Dataset records:
---------------

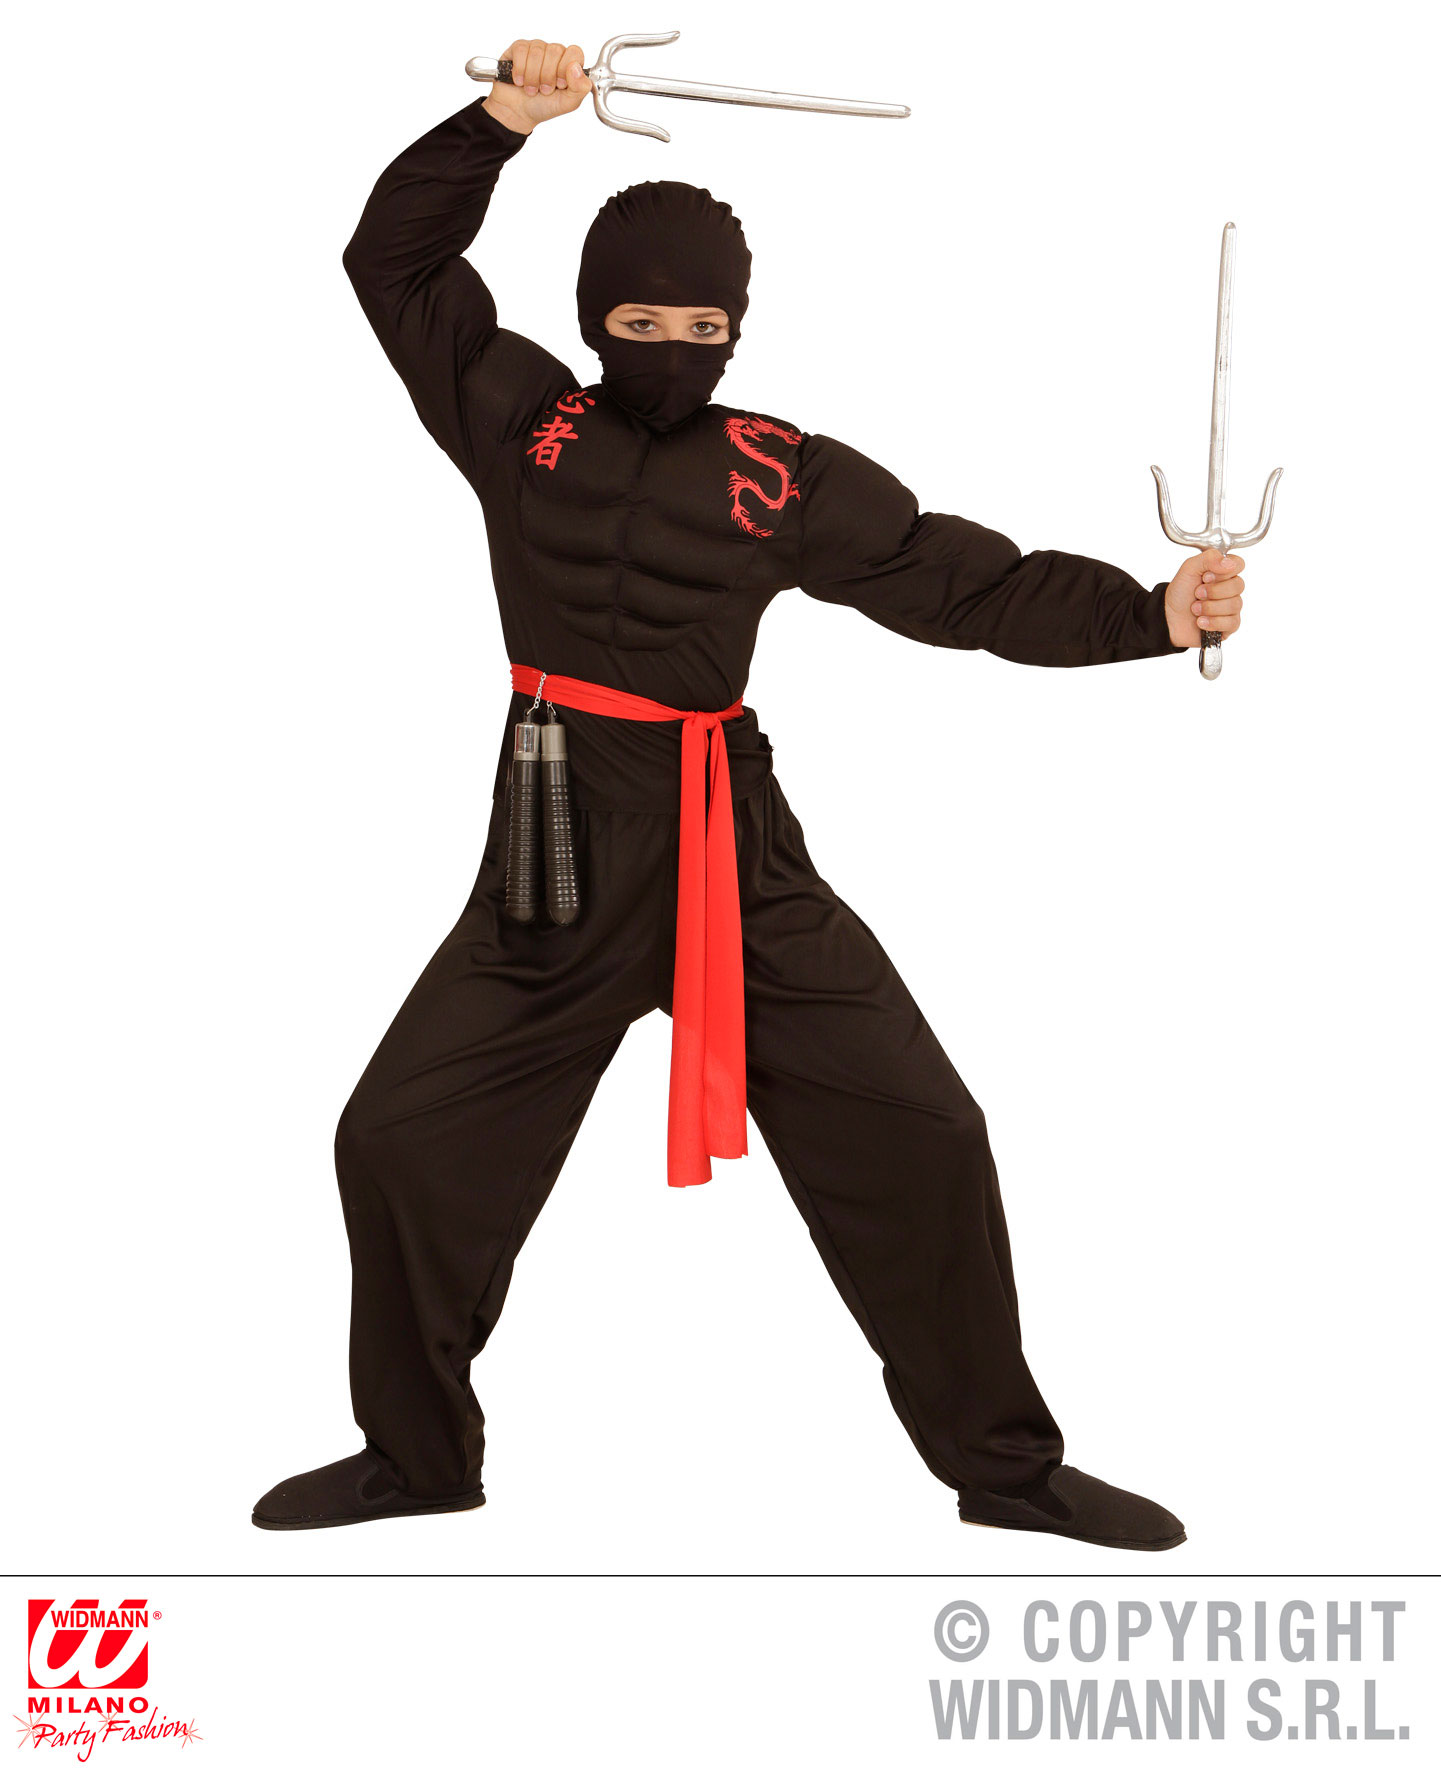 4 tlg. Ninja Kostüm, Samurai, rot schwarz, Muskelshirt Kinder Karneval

---------------

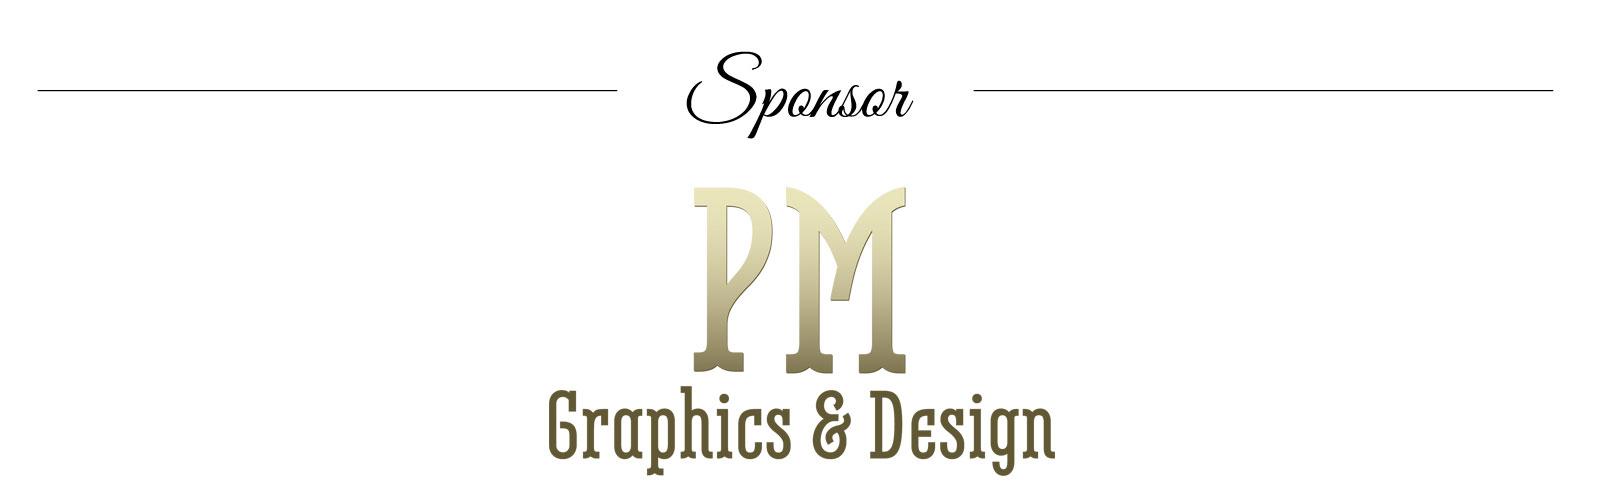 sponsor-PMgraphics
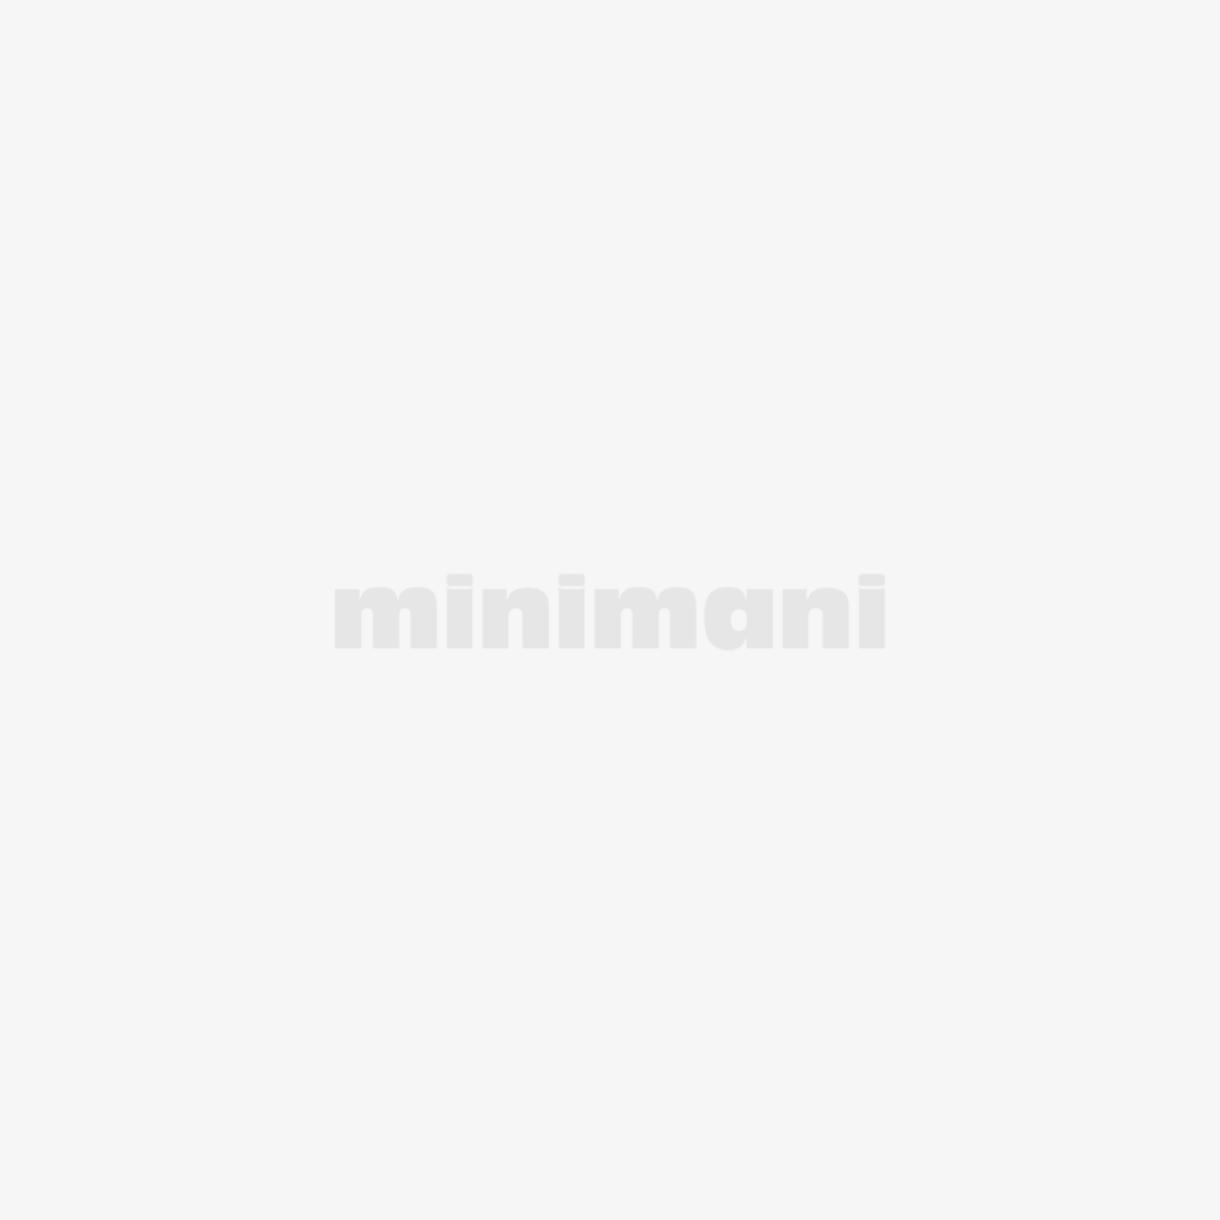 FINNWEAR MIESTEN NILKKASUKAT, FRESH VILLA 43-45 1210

---------------

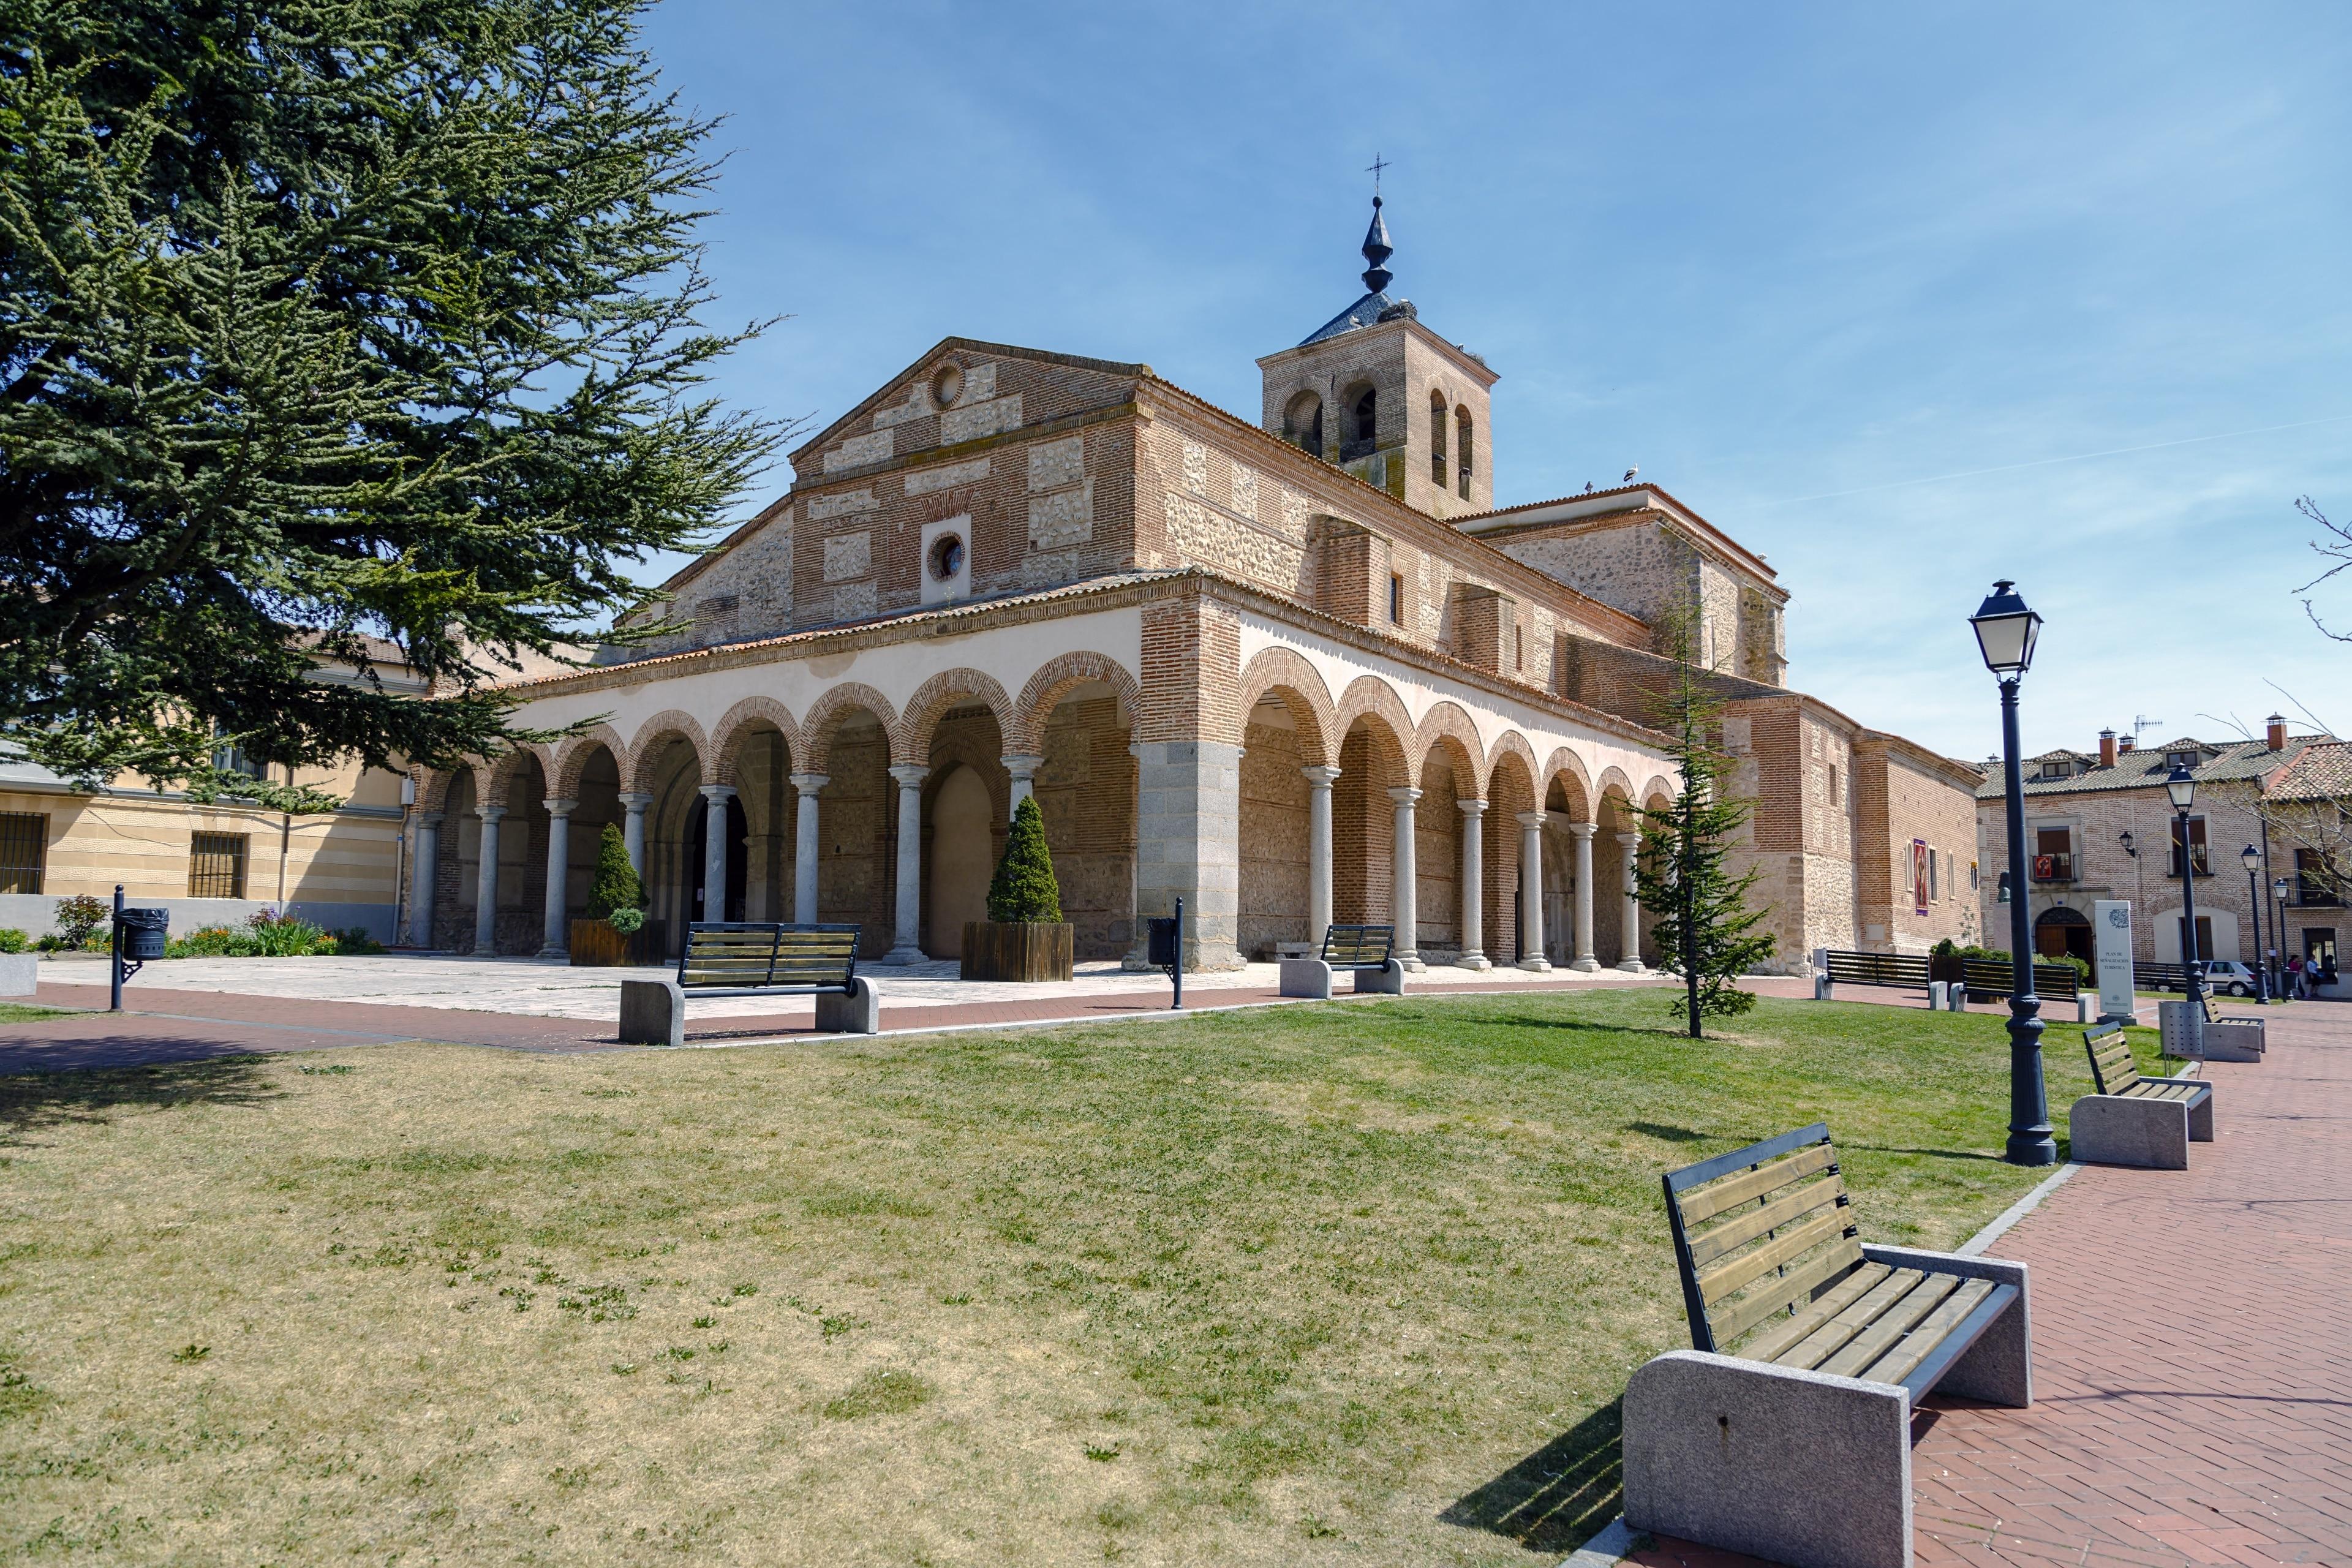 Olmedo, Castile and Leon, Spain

---------------

Work task:
Everything above from the line containing "sponsor-PMgraphics" down to the line containing "FINNWEAR MIESTEN NILKKASUKAT, FRESH" is to be duplicated exactly, both lines included, and the pictures are to be omitted.

Answer to the exercise:
 sponsor-PMgraphics
 FINNWEAR MIESTEN NILKKASUKAT, FRESH VILLA 43-45 1210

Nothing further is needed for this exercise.